What was your first studio like? How and for what reasons has your set-up evolved over the years and what are currently some of the most important pieces of gear for you?

My first studio was quite literally a pair of stolen hifi speakers bought off the back of a truck, and a colossal tower PC with an enormous, blindingly bright low resolution screen running whatever cracked software I could get my hands on. It sat on empty beer cases on the floor of my bedroom, which had particularly good acoustics due to the ever growing piles of dirty laundry that occupied the corners. That I didn't go blind, deaf, or contract any incurable bacterial infections from the number of hours I spent in that room is a minor miracle, though looking back the idea that I wrote the better part of 2 albums and several EPs with that set up astounds me even more. I've bought and sold a fair amount of things over the years. Vintage synthesizers, boutique modular gear, an all tube recording console, guitar pedals, and various other outboard effects. In hindsight I believe most of those purchases were driven more by the insidious affliction of capitalism than any real need. At prosperous times I've spent untold amounts of my hard earned cash on gear with the promise of new inspiration and better sounding results, and convinced myself (at least initially) that whatever new shiny toy I had just purchased provided both those things, only to realize a mere 6 months later that it was entirely superfluous, added virtually nothing to my creative process, and I would have been entirely better off putting that money into rent and food.

The computer remains the heart of my studio and I firmly believe that software based music technology has progressed to the point that you really don't need anything outside of software to achieve entirely professional results.

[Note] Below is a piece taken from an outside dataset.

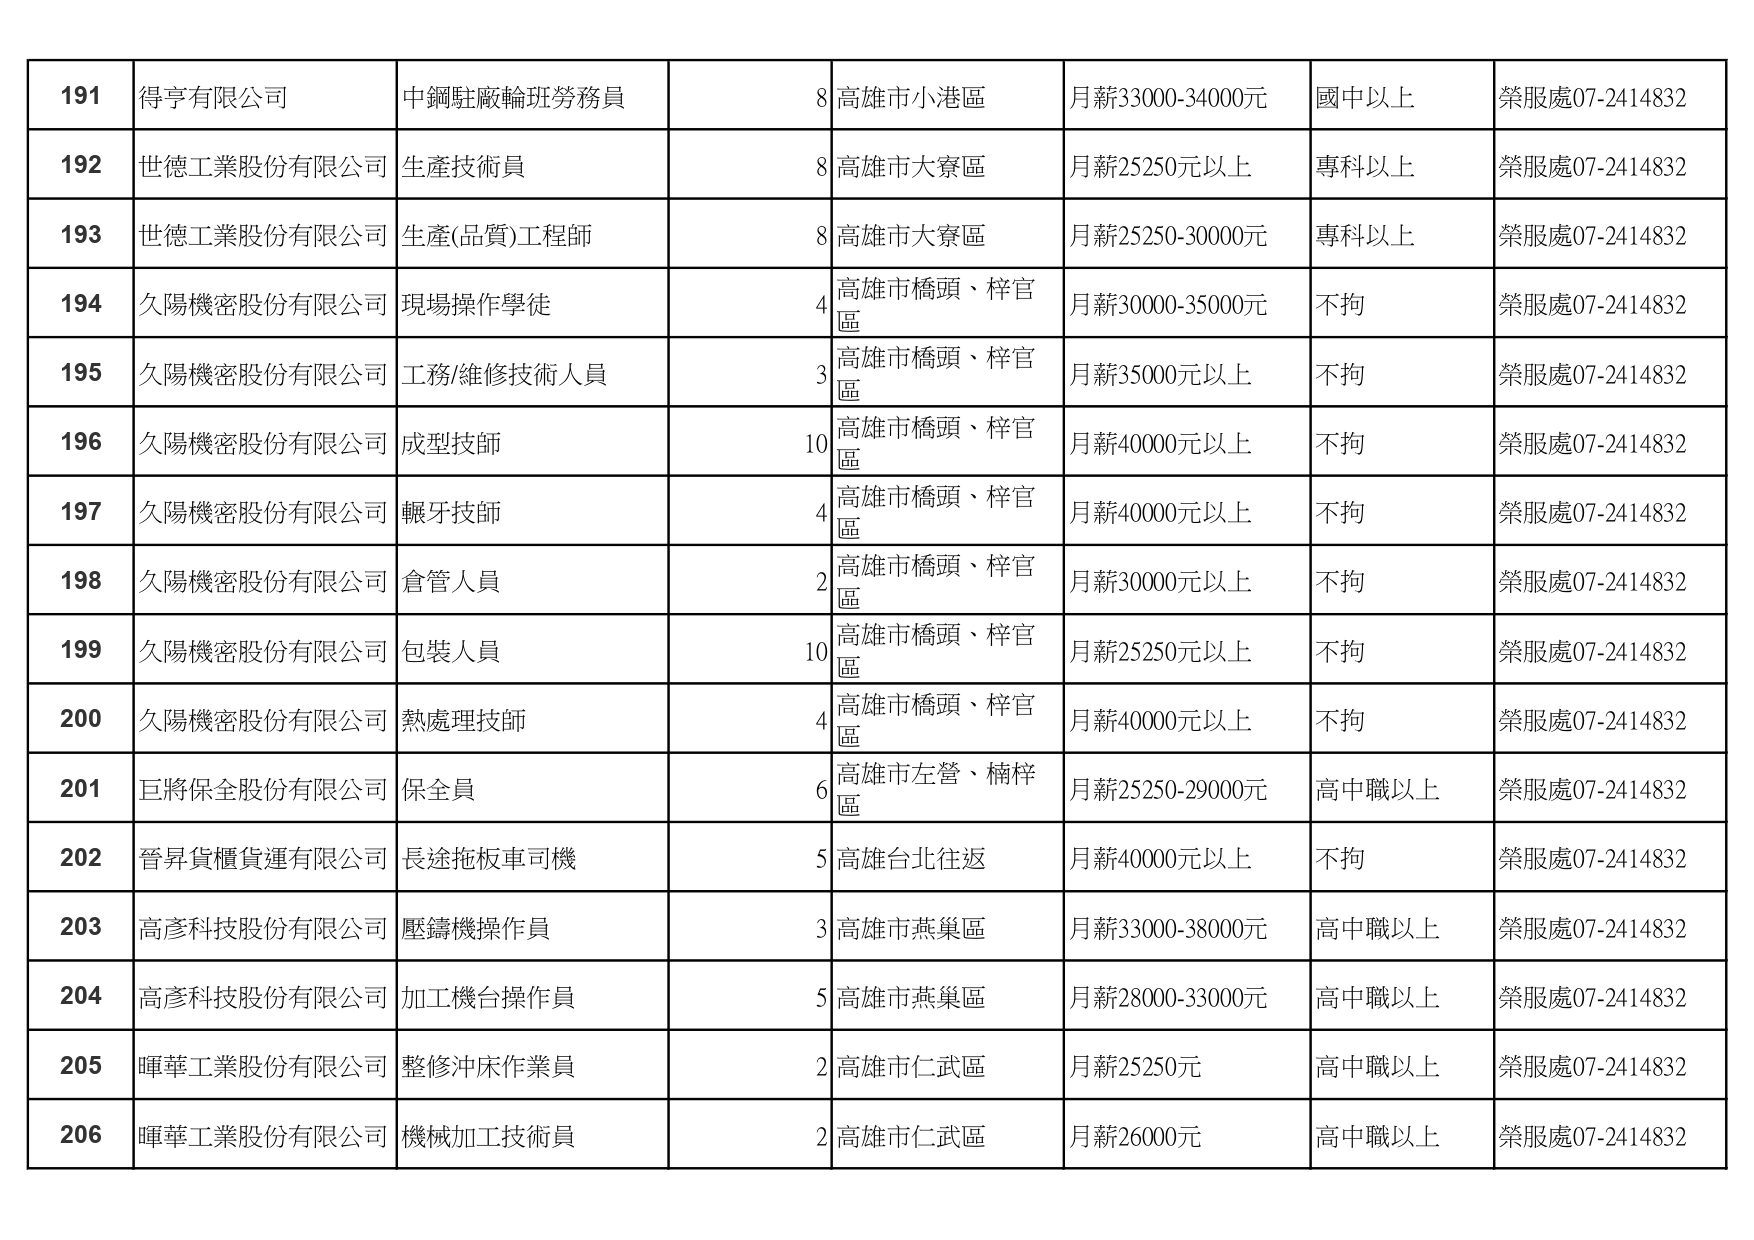 高雄榮服處-廠商職缺列表111.1.20_pages-to-jpg-0013

There is one great exception to this, which is of course the recording of real instruments, voices, and the world at large. Microphones and microphone preamps have become an increasingly important part of my studio process, to the point where even sources which begin inside the computer are often re-recorded. There is something magical in this process for me, as if the air between the speakers and the microphone diaphragm imbues the sound with some vestiges of the space and time it was recorded in. Here again though, going out and spending thousands on a vintage mic and preamp is really unnecessary. The same magic can be experienced with what ever tools might be at hand, it's the process that creates the magic, not the tools. Of course said magic is amplified when recording with one or multiple musicians playing instruments. It is always a wonderful experience, and will without fail inspire new ideas that would have never surfaced working alone.

I guess in many ways that's really become all I need. Give me a computer, a decent microphone and preamp, speakers or headphones, and a few MIDI controllers to lay my hands on the software's virtual controls and I can quite happily make music in any studio in the world. Throw in a solar powered generator and I'd be fully desert island ready.